**What to do**
Within the entries below, please retype exactly the lines starting with the line that has "Díaz, López y" and going on through the line that has "Golovko, Studio Leonid: Schachspiel", but not the pictures.

**Records supplied**
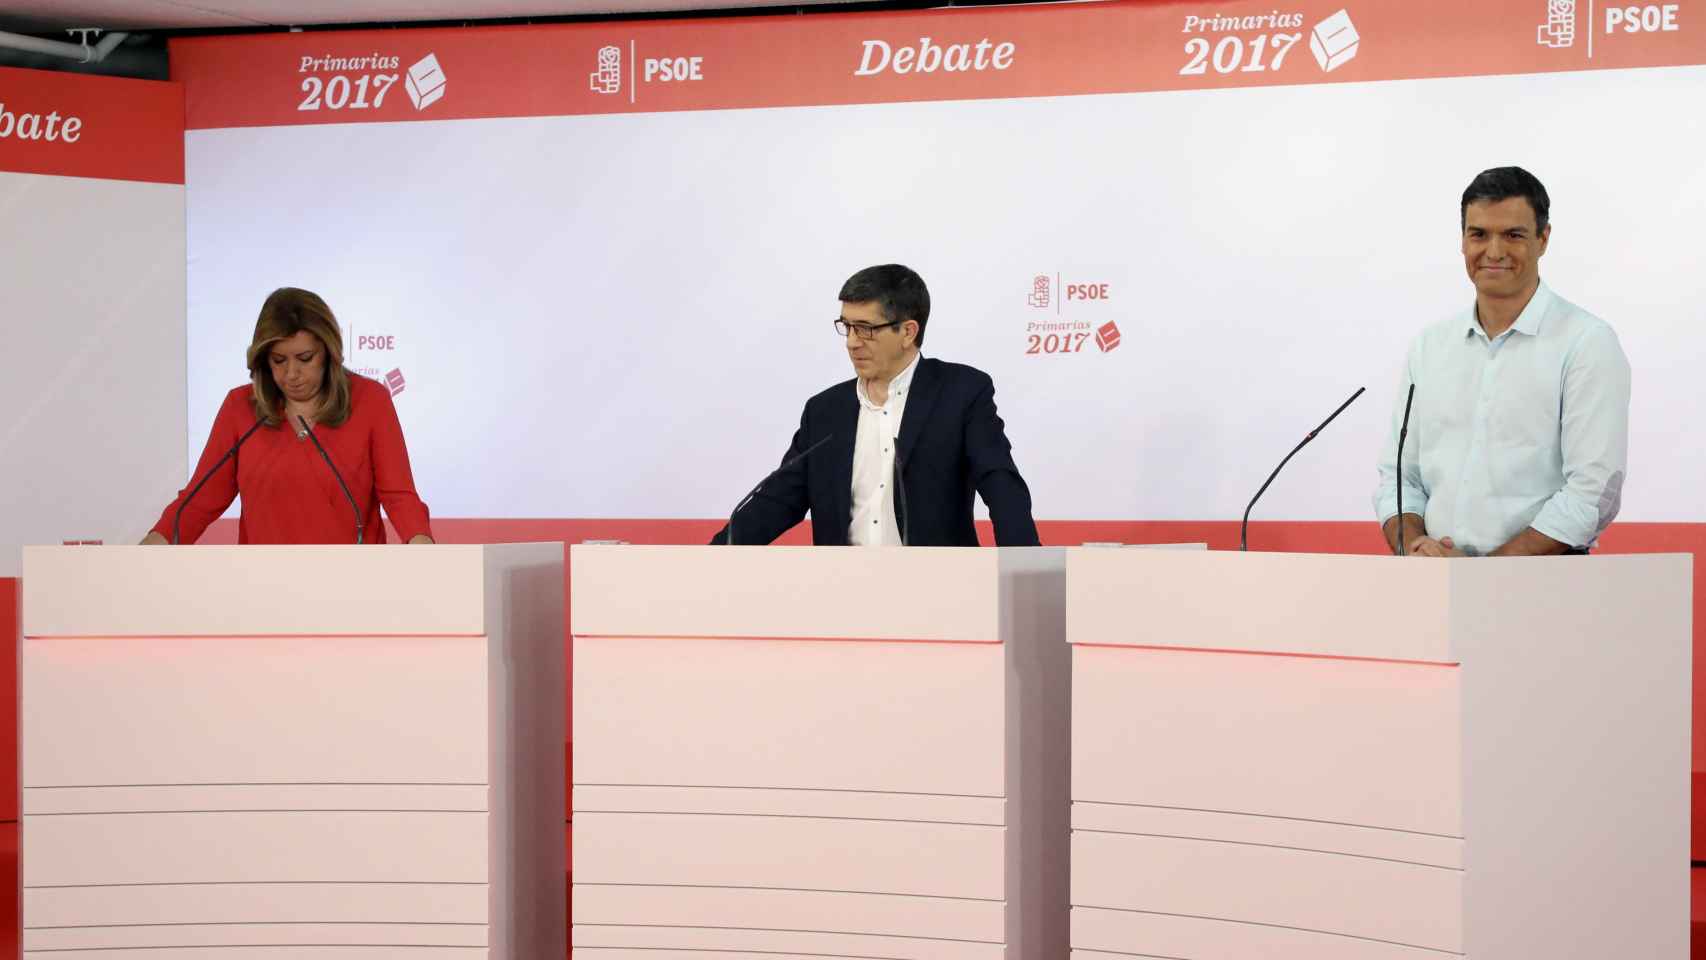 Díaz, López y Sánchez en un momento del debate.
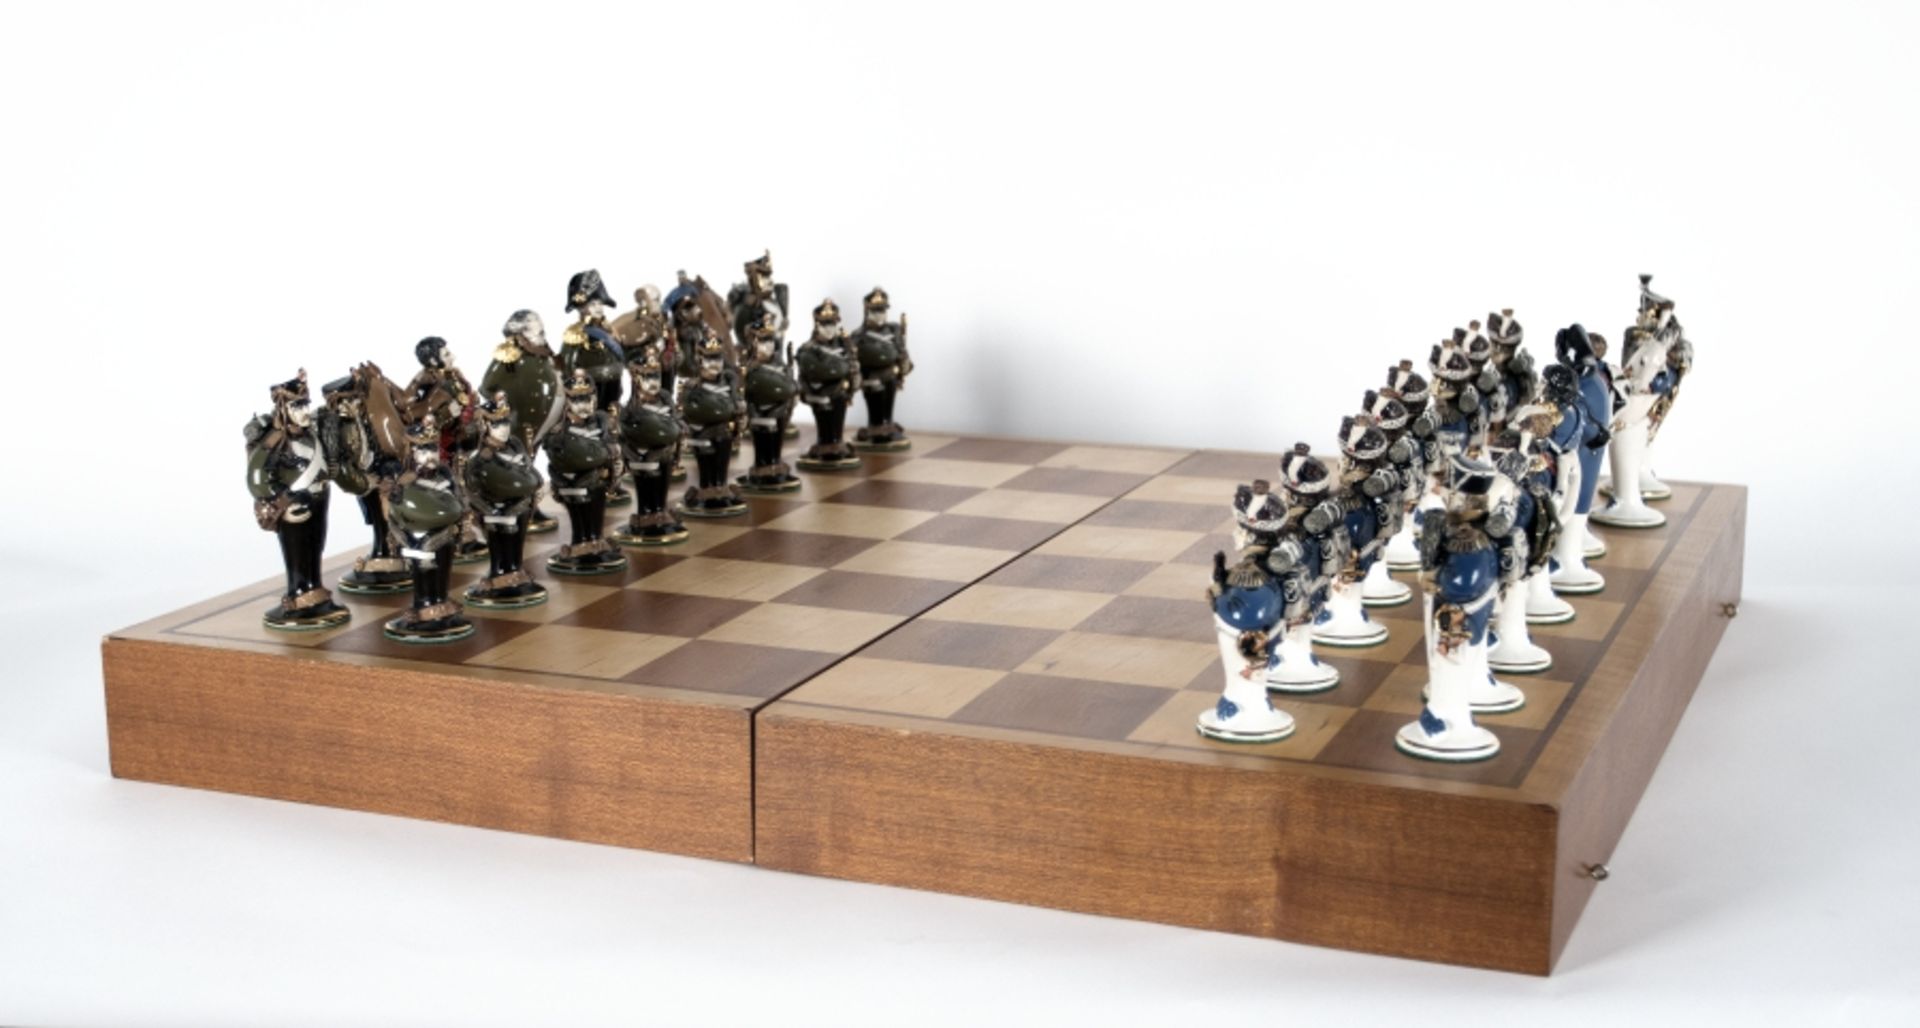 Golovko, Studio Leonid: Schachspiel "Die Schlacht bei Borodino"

* * *

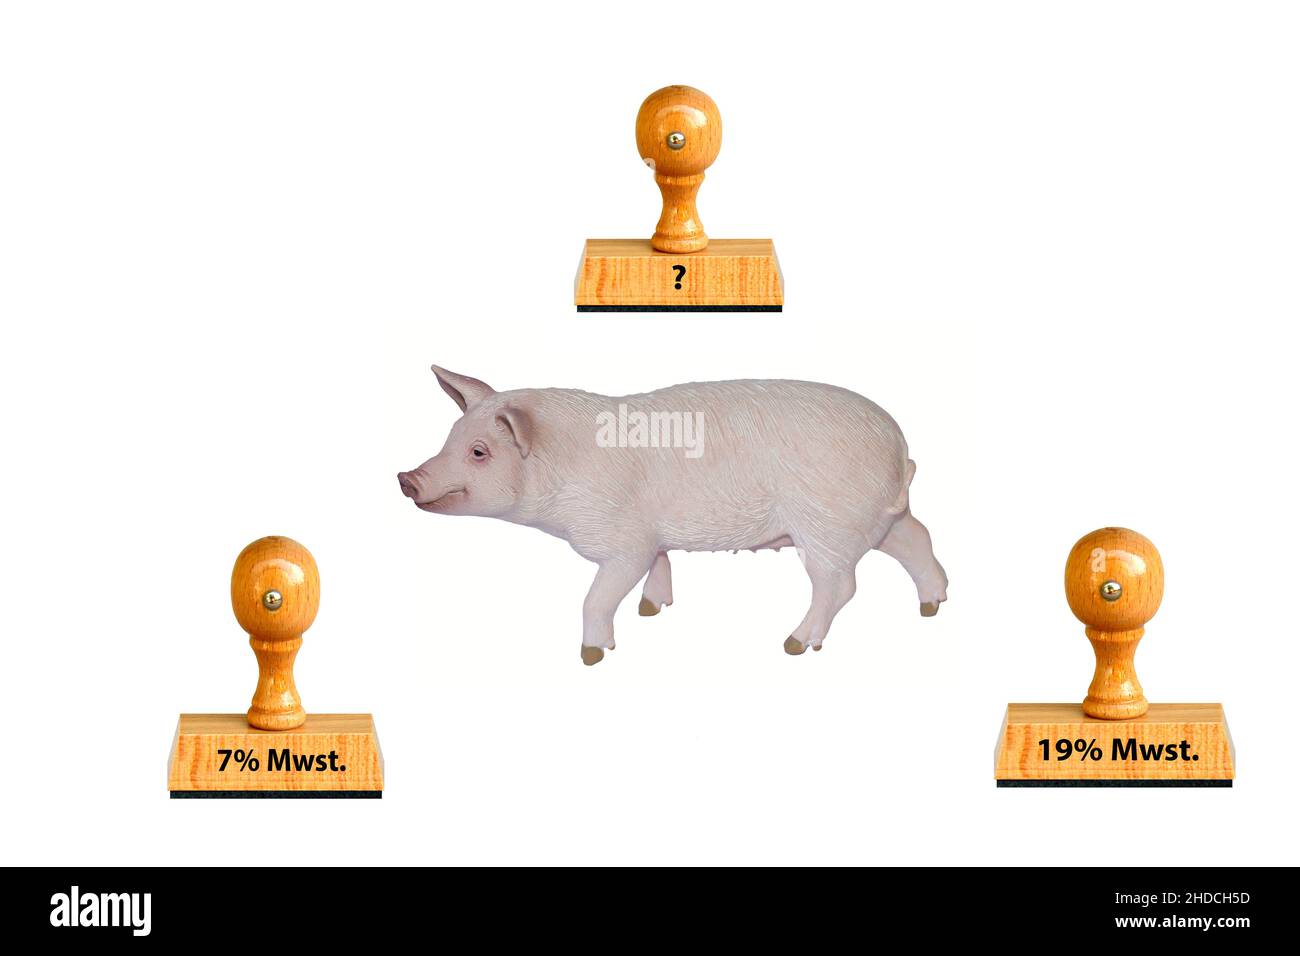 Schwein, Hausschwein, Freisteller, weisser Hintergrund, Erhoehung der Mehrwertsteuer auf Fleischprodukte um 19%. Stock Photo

**Reply**
 Díaz, López y Sánchez en un momento del debate.
 Golovko, Studio Leonid: Schachspiel "Die Schlacht bei Borodino"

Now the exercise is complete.